Вдова была ухожена по-европейски, то есть сообразно реальному возрасту, без штатовской манеры похабно молодиться, но и без нашей синьки в волосах. Лузгин общался с ней когда-то, в начале своей журналистской карьеры, пусть и не так накоротке, как с женой Геры Иванова, но помнил хорошо и узнал сразу, особенно глаза, почти не постаревшие. Лузгин представился в надежде, что и его вспомнят, но так и не понял, узнали его или нет. Вдова сидела в закруглении дивана, против света, отчетливо прорисовывавшего лицо, и Лузгин подумал, что другая села бы иначе, а этой или все равно, или достойно уважения. Устроившись поближе, но не слишком, он разложил на столике блокнот, авторучку и диктофон (служебный, не майора; тот был мощнее, надо бы такой приобрести), поглядел на Бореньку, явно желавшего присутствовать, и взглядом выгнал его прочь.
После истории с захватом они как бы поменялись местами: Боренька из начальственной позиции немедленно переместился в равную, а после, иногда казалось, и вовсе на ступеньку вбок и вниз.
Они проговорили полчаса на тему, обозначенную Боренькой в машине: энтузиазм молодых первопроходцев. Получилось не очень, в общих словах, без милых сердцу Лузгина особых жизненных деталей, событий и примет, но он расстроился не слишком: примет хватало и в других рассказах, а здесь был обычный зачет, еще одна известная фигура в книжном указателе имен. Он так бы и ушел, собрав вещи и раскланявшись, но черт же дернул за язык спросить, зачем она приехала. Вдова, не дрогнувши лицом, ответила Лузгину, что ей советуют продать акции, доставшиеся от мужа по наследству.

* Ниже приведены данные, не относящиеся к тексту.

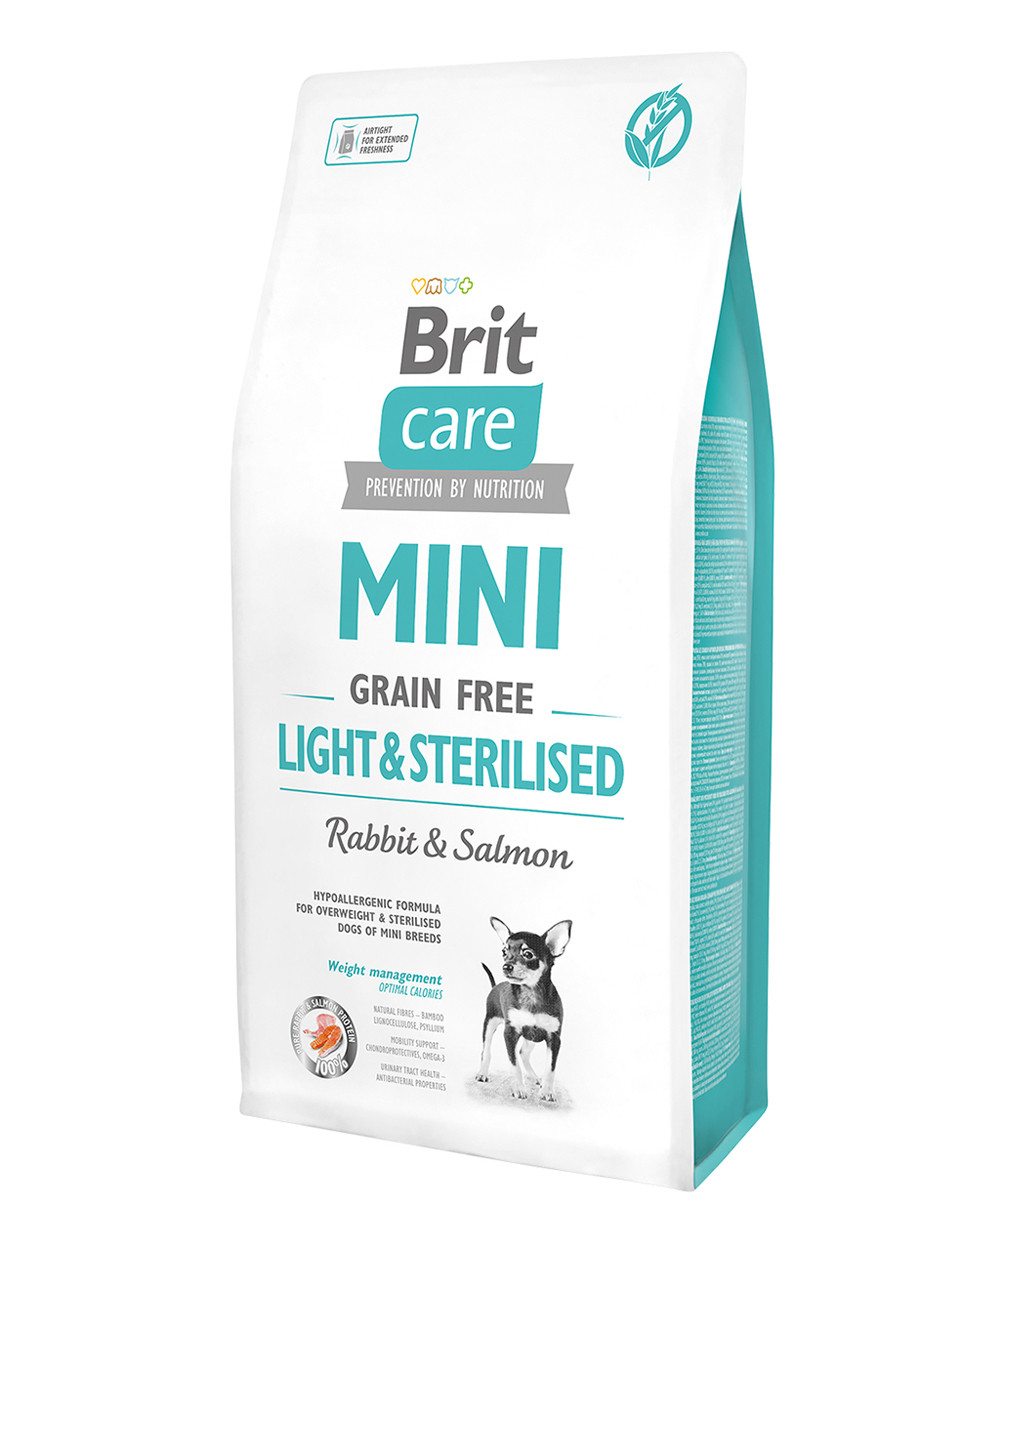 Сухой корм Care Mini Light & Sterilised, для взрослых собак миниатюрных пород с избыточным весом или стерилизованных, 7 кг Brit Care (136945959)

— Кому продать? — наотмашь, не подумав, спросил Лузгин.
— Мне скажут.
Вот так, вот так все и сложилось… Лузгину представилась на миг огромная машина, запущенная жесткой и расчетливой рукой, где он и эта женщина есть не узлы машинного механизма, не винтики даже, а лишь сырье, расходный материал. И еще он понял, что теперь он непременно спросит и другое: известно ли ей, при каких обстоятельствах скончался ее муж Виктор Вольф.
Он не смотрел ей в глаза — не потому, что испытывал неловкость. Напротив, он ощущал в себе теплое и горькое, как слезы, чувство душевного с нею родства и острой жалости. У нее были маленькие крепкие ноги в красивых черных туфлях, стоявших как две лодочки, пришвартованные к берегу огромного персидского ковра. Она не плакала и ничего не говорила. Лузгин хотел поцеловать ей руку на прощание, но посчитал, что это будет выглядеть нелепо.